At the closing, and subject to the terms of the Merger Agreement, (i) all outstanding Jiff common stock, Jiff starter stock and Jiff preferred stock (collectively, “Jiff Capital Stock”) and vested options to purchase shares of Jiff common stock held by an employee who, immediately following the completion of the Merger, shall be an employee of Jiff, Castlight or any subsidiary of Castlight (a “Continuing Employee”) was exchanged for the right to receive an aggregate of up to approximately 27 million shares of Castlight Class B common stock and options exercisable to purchase shares of Castlight Class B Common Stock, as applicable, subject to certain adjustments and, in the case of the holders of Jiff Capital Stock, contributions to an escrow fund and expense fund. All outstanding Jiff Capital Stock (other than the Jiff Series A preferred stock) and options of Jiff held by Continuing Employees received the right to receive up to an aggregate of up to approximately 4 million shares of Castlight Class B common stock as contingent consideration upon the achievement by the Jiff business of certain milestones in 2017. Such former Jiff equityholders will receive an aggregate of 1 million shares of Castlight Class B common stock if the Jiff business achieves at least $25 million in revenue in 2017 and an aggregate of 3 million shares of Castlight Class B common stock if the Jiff business achieves at least $25 million in net new bookings during 2017. In addition, in connection with the Merger, all outstanding unvested options to purchase shares of Jiff common stock held by Continuing Employees were converted into options to purchase up to approximately 2.8 million shares of Castlight Class B common stock.

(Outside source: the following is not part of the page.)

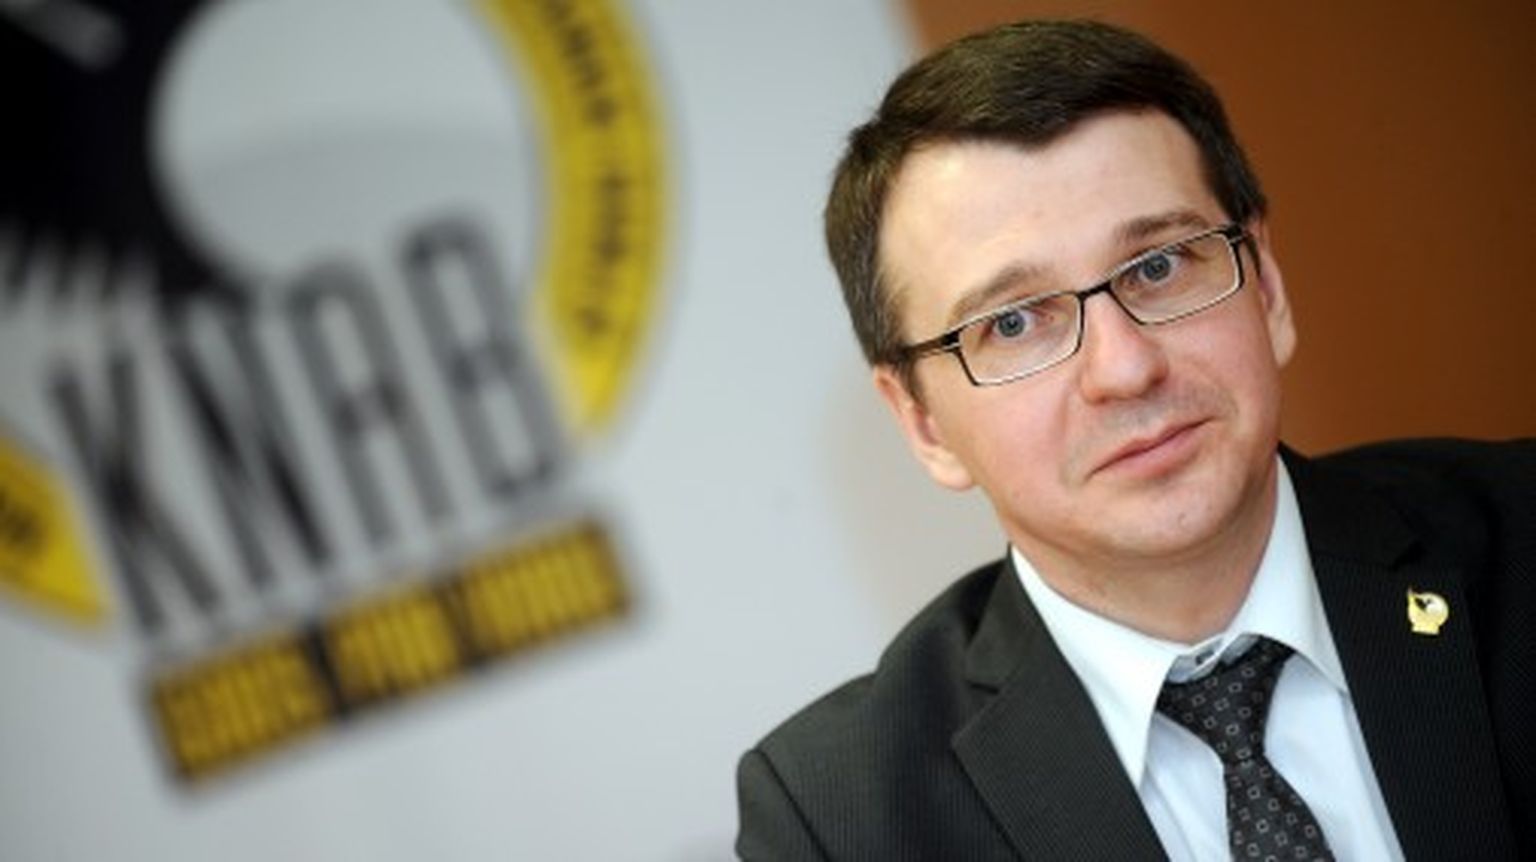 Korupcijas novēršanas un apkarošanas biroja (KNAB) priekšnieks Jaroslavs Streļčenoks

The issuance of Castlight Class B Common Stock in connection with the Merger, as described above, was registered under the Securities Act of 1933, as amended, pursuant to Castlight’s registration statement on Form S-4 (File No. 333-215861), filed with the Securities and Exchange Commission (the “SEC”) and declared effective on February 14, 2017.
The foregoing description of the transactions consummated pursuant to the Merger Agreement does not purport to be complete and is qualified by its entirety by reference to the Merger Agreement, which was filed as Exhibit 2.1 to Castlight’s Current Report on Form 8-K filed with the SEC on January 4, 2017, which is incorporated herein by reference.
Item 2.03 Creation of a Direct Financial Obligation or an Obligation under an Off-Balance Sheet Arrangement of a Registrant.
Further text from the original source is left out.